JDBC batches provide for significantly better database insertion performance than standard operation. In Benerator this is turned of by default, since error messages that arise from bad generation setup are much harder to analyze in batch mode. When you are finished with defining data generation and need performance for mass data, you can activate batch operation by the batch attribute of the database element:

<database ... batch="true" />

Benerator is optimized for performance. Thus you may get problems when combining nested <generate> elements with batching. It typically results in exceptions that indicate violation of a foreign-key constraint.

Query fetch size

If you are querying data with large result sets from your database, e.g. when anonymizing production data, you should tune the database's fetch size. It determines how many rows are transmitted from the database to Benerator when accessing the first query result. So it reduces the number of network roundtrips. Benerator uses a fetch size of 100 by default which should be useful in most cases.

You can experiment with higher values, e.g. 1000 by configuring the batch attribute of the database element: <database ... batch="true" />. This is mainly useful if the database is accessed over a slow network connection and query result sets are at least as large as the fetch size and are iterated to a relevant extent. When setting the fetch size to value that is too high, performance may actually decrease.

Id Generation

The most efficient id generation strategy is increment since it works without connecting the database. It works fine for multithreaded generation, too. But for concurrent execution of multiple Benerator processes or continuation of a cancelled generation process you need an id generation that is unique among several runs. The most efficient id strategies with such behavior are seqhilo (database-based) and uuid (universally unique string id).

Relational Data Generation

Nesting <create-entities> elements greatly improves maintanability of data generation but can decrease generation speed. At critical generation steps you might want to sacrifice maintainability for speed by replacing nested structures with 'relational' structures, e.g. replacing this code:

<generate name="db_customer" count="1000000" consumer="db">

<generate name="db_order" minCount="0" maxCount="20 " consumer="db">

<attribute name="customer_fk" script="{db_customer.id}"/>

...

</generate>

</generate>

with something like this:

<generate name="db_customer" count="1000000" consumer="db" />

<generate name="db_order" count="10000000" consumer="db">

<reference name="customer_fk" source="db" targetType="db_customer" distribution="random" />

...

</generate>

Scripts

When using other script languages that rapiddwellerScript, the scripts expressions are parsed at runtime, thus are significantly slower than compiled code. For performing CPU-intensive operations or excessive looping, use rapiddwellerScript or program a Java task (See Manual Section 10, “Custom Tasks”).

Parsing (Oracle) metadata

On databases with many tables, scanning metadata can take several minutes. One source of superfluous tables is the Oracle recyclebin.

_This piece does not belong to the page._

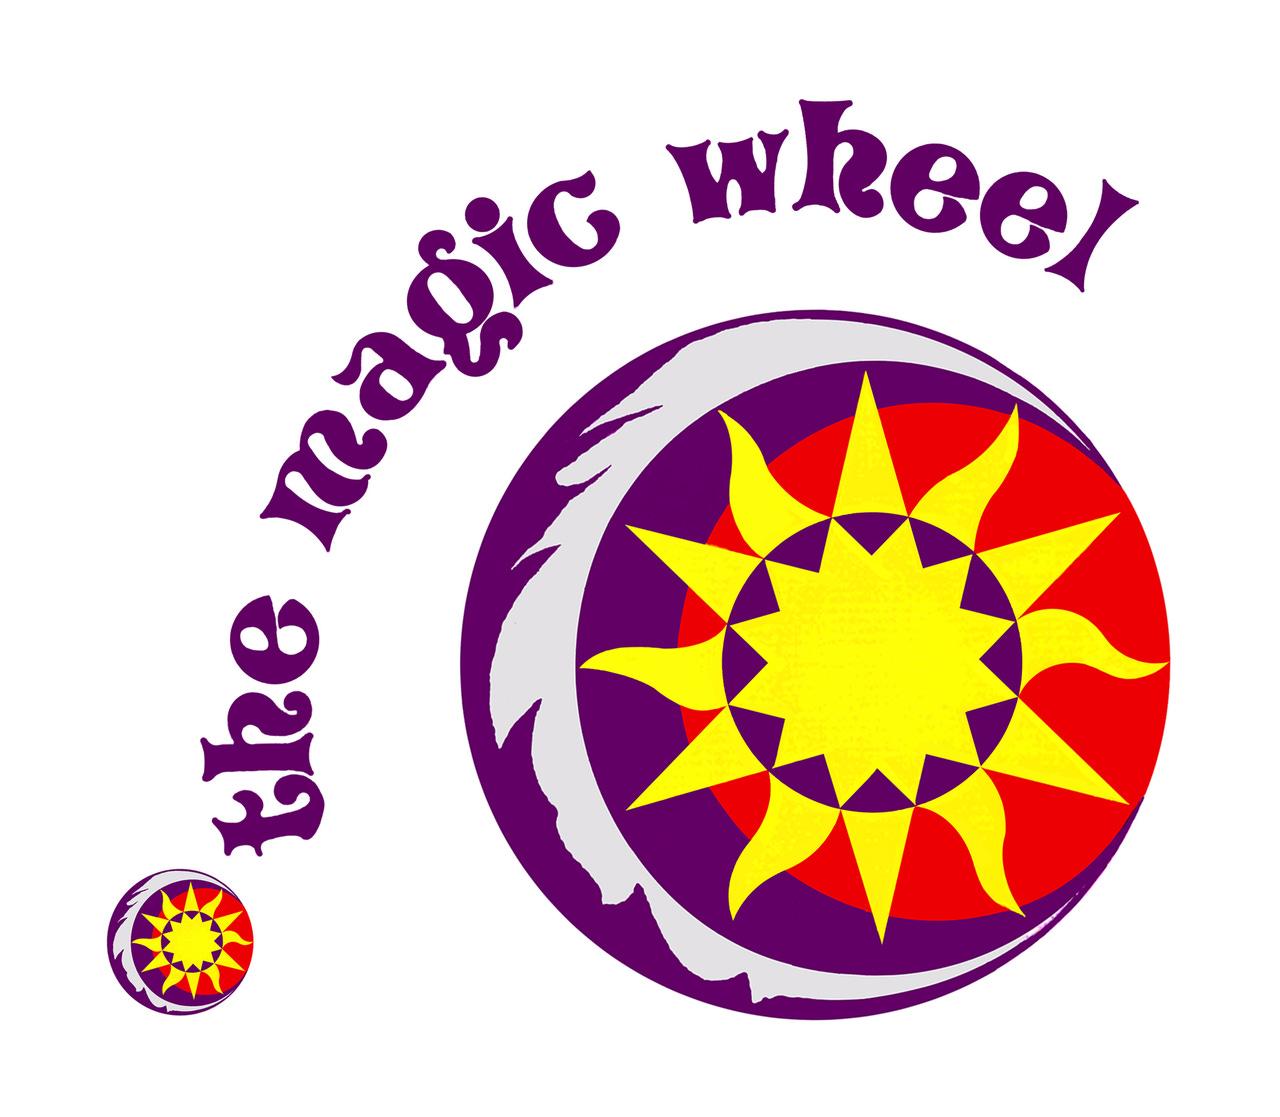 The Magic Wheel - Interpretation in our Time
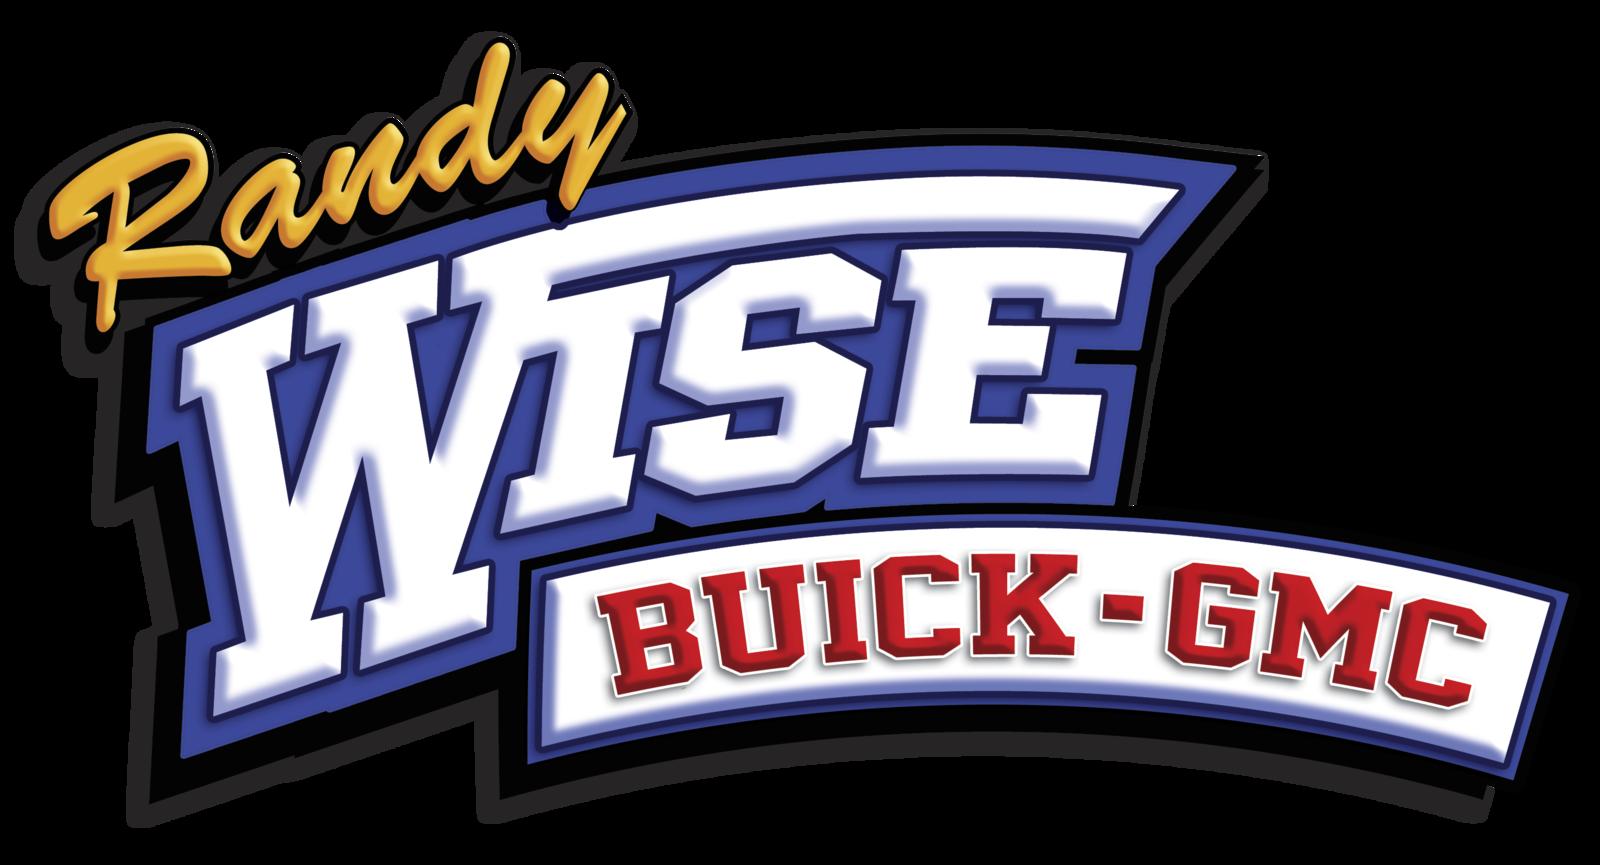 Randy Wise Fenton >> Randy Wise Buick GMC - Fenton, MI: Read Consumer reviews

You can speed up parsing by including a 'purge recyclebin' in your SQL scripts.

Using regular expressions in the <database>'s excludeTables and includeTables settings, you can restrict the amount of metadata to be parsed.

If metadata retrieval still takes too long, you can use <database... metaCache="true" /> for storing metadata in a cache file on your local hard drive.

When Benerator executes SQL with an <execute> statement, it analyzes if the database structure is modified. In that case, the cached database meta data is invalidated and reparsed when they are needed the next time. If you are certain that the change is irrelevant to subsequent generations steps, you can suppress the invalidation by

<execute invalidate="false">ALTER TABLE...</execute>.

Distributed Execution

You can distribute generation over several machines. In oder to do so you will need two types of descriptor files: First an initialization descriptor that initializes the systems and generates the deterministic core data, Second a mass data description file. The initialization file will need to run first on a single machine, then the mass data file can be executed on multiple processes or machines concurrently. For mass data generation you will need to take special care: Choose an id generation strategy that is able to create unique ids under these circumstances (see Section 24, “Generating IDs”).